• [Problem to solve]: From the first line to the last, copy the listing exactly and omit the pictures.

• [Dataset excerpt]:
:::::

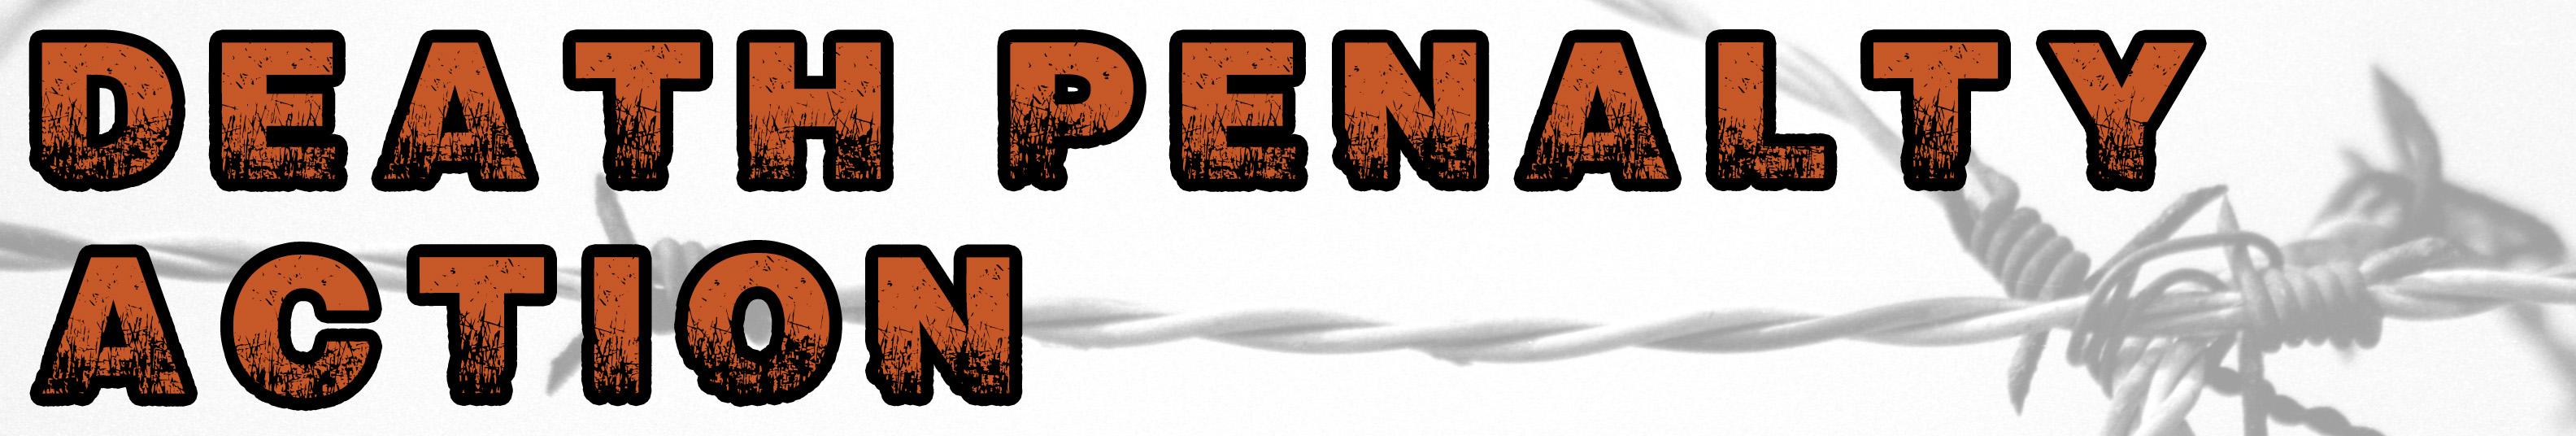 Open-uri20190629-8001-1mmpwi9
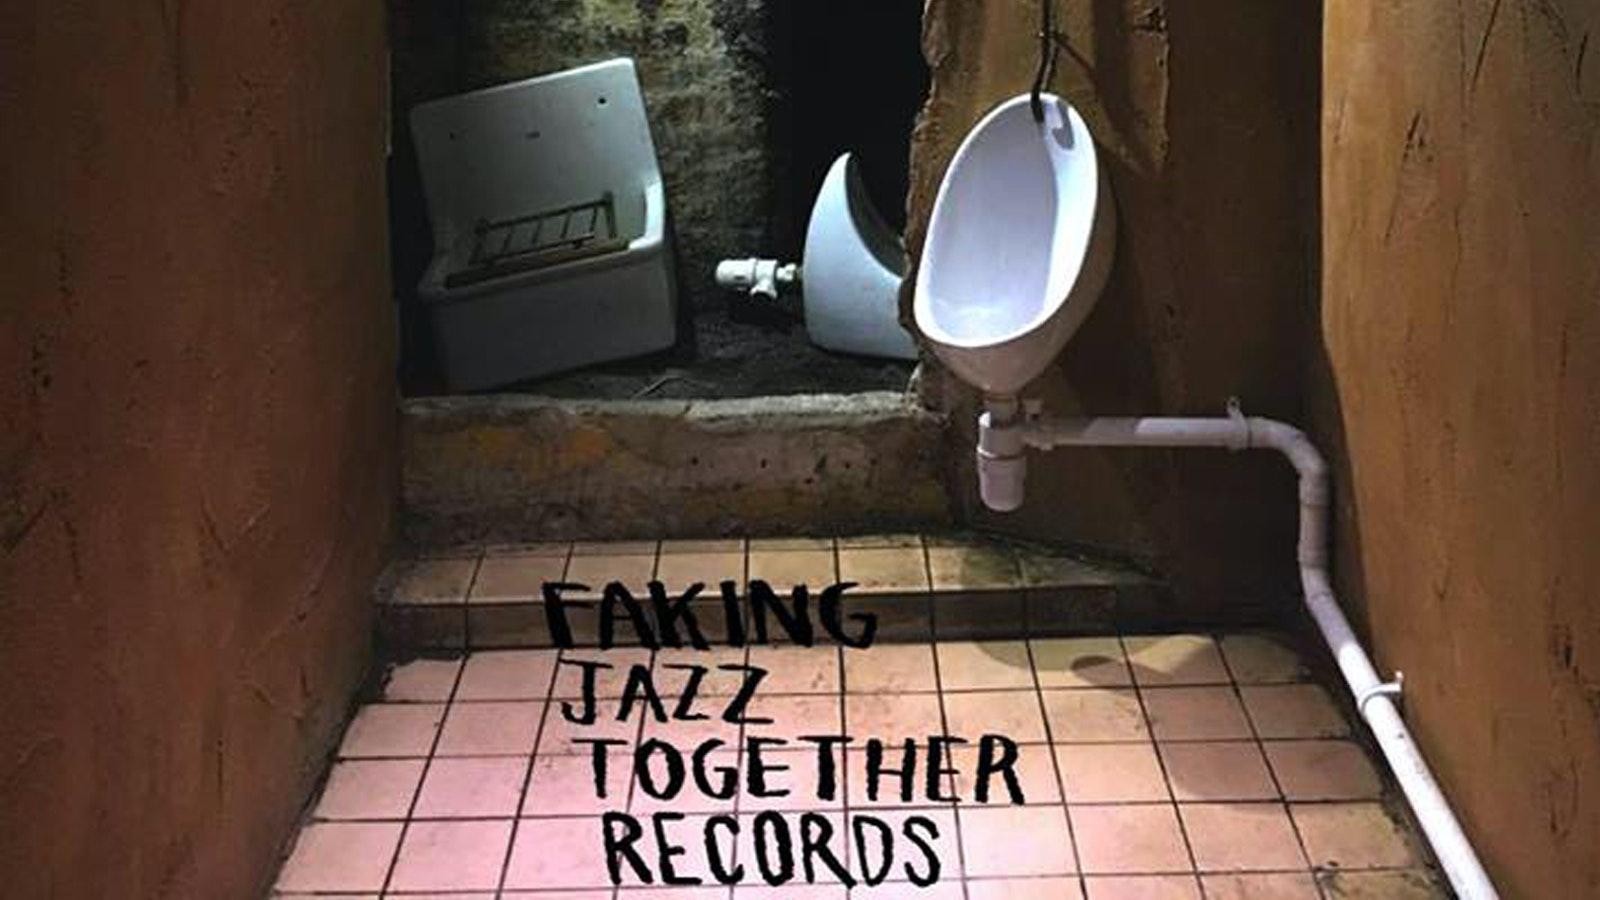 Faking Jazz Together
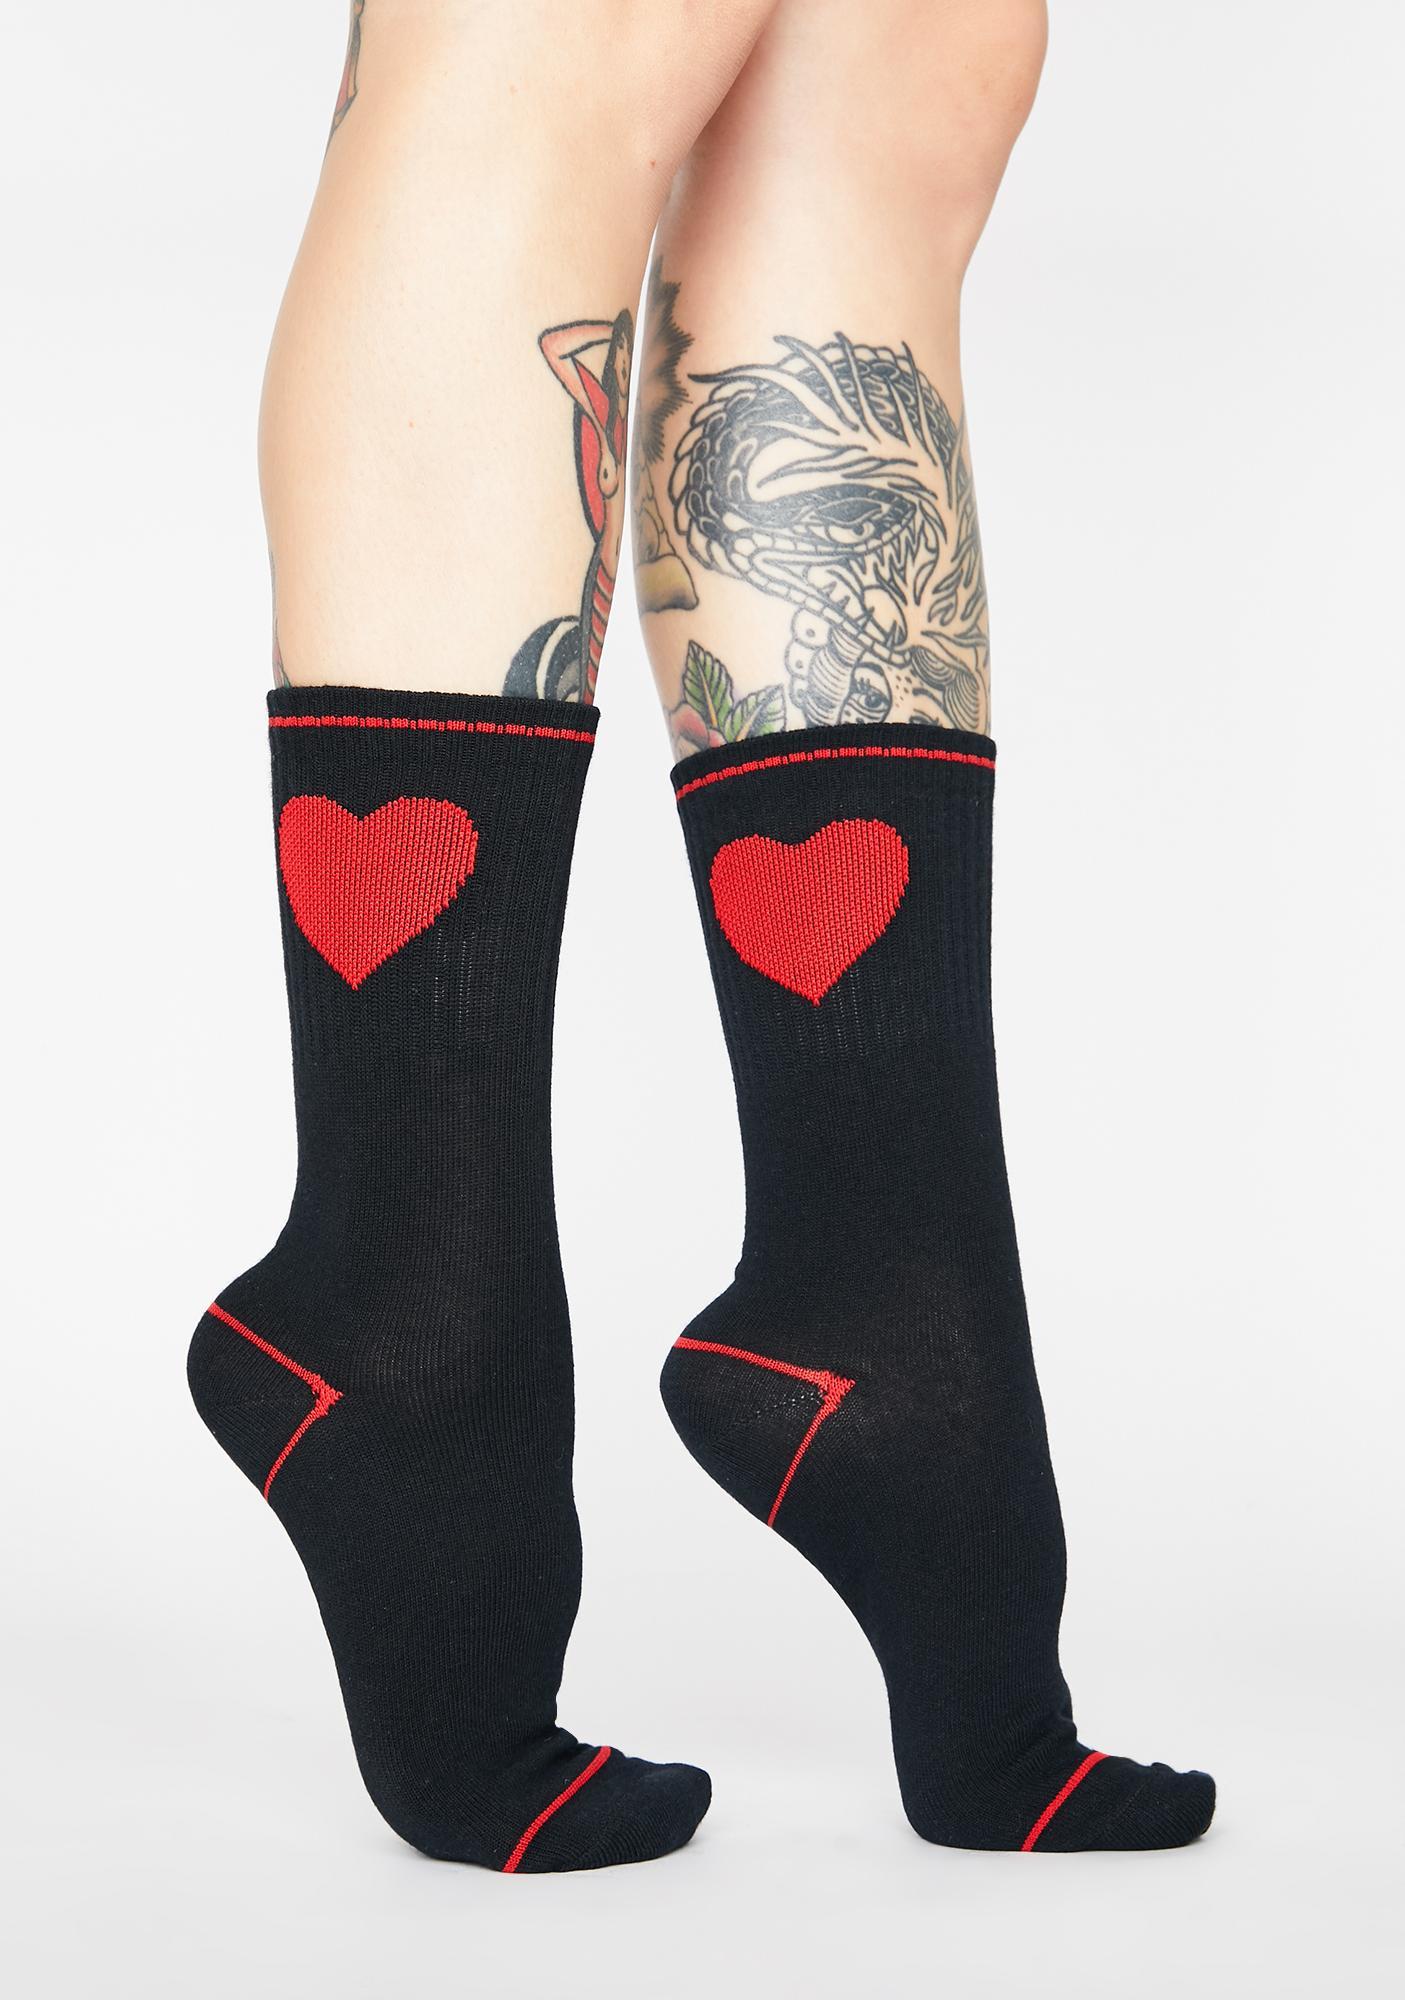 Midnight Show Me Your Heart Crew Socks

:::::

• [Completed task]:
 Open-uri20190629-8001-1mmpwi9
 Faking Jazz Together
 Midnight Show Me Your Heart Crew Socks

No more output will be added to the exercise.